This article contains my technical opinion and is for general information purposes only.
It’s good design practice to perform a cable pull calculation for cable runs that might be difficult. Doing this early in the project allows for cable sizing and routing options that are often not available late in the game. Pull calculations are relatively easy to do but surprisingly few engineers or contractors use them.
The type of damage commonly created by excessive pulling forces will typically pass DC HiPot or VLF acceptance testing. Medium Voltage cables are especially susceptible to this kind of damage. It can result in partial discharge, leading to premature failures, commonly after 5 or 6 years of use.
While hand calculations can quickly spiral in complexity, there is software available to help simplify the process. Personally, I like Southwire’s Cable Pull Calculator, but a quick search will result in several other online options. Calculators are also available in most electrical modeling software.
The process involves inputting a few cables and pull set up parameters to verify that pulling forces will not result in cable damage. These parameters include gauge size, the number of conductors, cable OD and weight, raceway type and size, and each pull segment.
Performing more pull calculations and comparing them to real site experiences will result in an improved ability to make accurate assumptions. Pull calculations are more an art than a science as the calculations involve a lot of big assumptions making many other parameter assumptions rounding figures.
Sidewall bearing pressure (SWBP), the radial force imposed at the bends, is by far the most common limiting factor. Excessive SWBP, usually visible in flattened armor or stretched jackets, can result in insulation damage which decreases cable life.
Common misconceptions that have only minor effects on the resulting pull calculations:
- Maximum Pulling Tension: For power cables, this is usually not a limitation as the basket grip or pulling equipment usually limits pulling tensions before the conductors.
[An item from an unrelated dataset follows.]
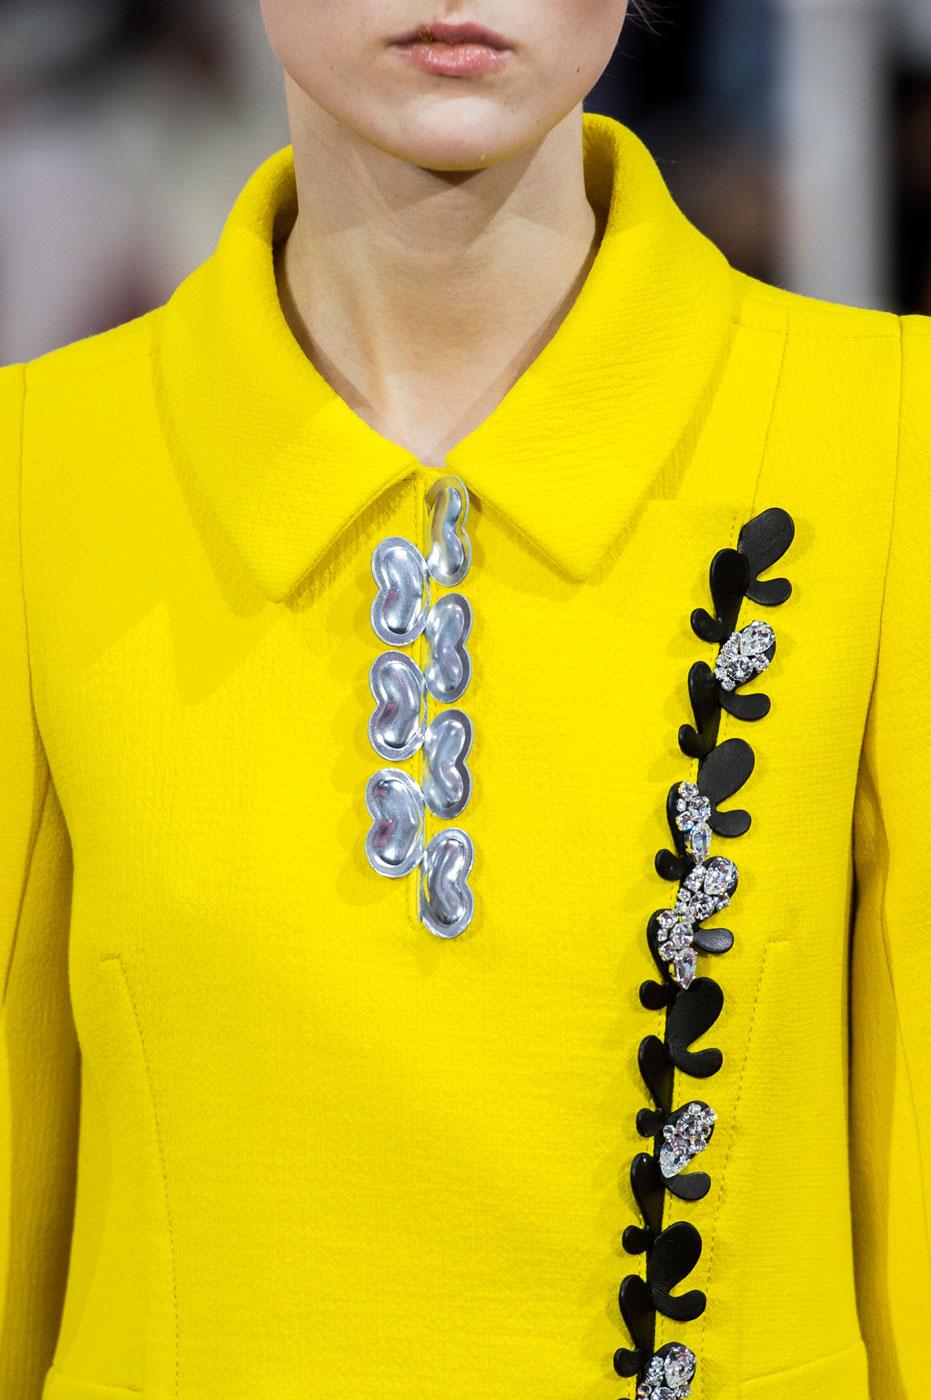 Christian-Dior-fashion-runway-show-close-ups-haute-couture-paris-spring-summer-2015-the-impression-197

- Upsizing the Conduit: Although you must maintain code-required maximum fill requirements, upsizing conduits doesn’t lower tensions or SWBP by much.
- Incoming Tension Assumption: Don’t sweat +/- 25 lbs on incoming tension assumptions as that will be a rounding figure in the final pull. However, using a cable feeder to push the cable in access points can help.
What does help:
- Straighten Out the Run: The fewer bends, the better. After two 90ᵒ bends, SWBP rises quickly.
- Use Equipment or Cable Products that Reduce COF: No lube cable, hydrophobic pulling ropes, Southwire SIM reels, cable tray rollers, etc.
- Advance Planning & Field Communication: Can the field handle the reel you are specifying? Can it be placed where your pull calculation starts? Is there room to lay down the cable for hand pulls or refeeds?
- Bigger Conduit Sweeps and Sheaves: This makes a big difference to the SWBP. You should ensure that the cable minimum bend radius limitations are respected. That big 24” OD sheave is probably too small!
- Tighter Coefficient of Friction (COF) Assumption: This parameter makes a huge difference in the final numbers. 0.35 is a common COF number for most common PVC jacketed industrial cables or regular building wire pulled through existing conduits. For a new installation with a good lubrication plan and an experienced installation crew, 0.25 could be a more aggressive number. Southwire uses 0.15 for their no lube building wire products in PVC conduit.
- Pull Boxes / Assist Tuggers: Add pull boxes to break the pull up into sections (pull out through the manhole and refeed back in). If the cables can be accessed in the middle of the run somewhere, properly set-up assist tuggers can also break up the run.
- Reduce run lengths: This reduces pulling tensions.
- Reverse the Pulling Direction: Pull calculations are directional.
The final few bends might be hand-pulled, reducing the need to include those sections in the pull calculation. Be careful not to overbend the cable during these manual pulling steps. Cable pull calculations can save a lot of field issues and help ensure a long, trouble-free service life of your big cable runs. A little extra effort upfront can save a lot of trouble down the road.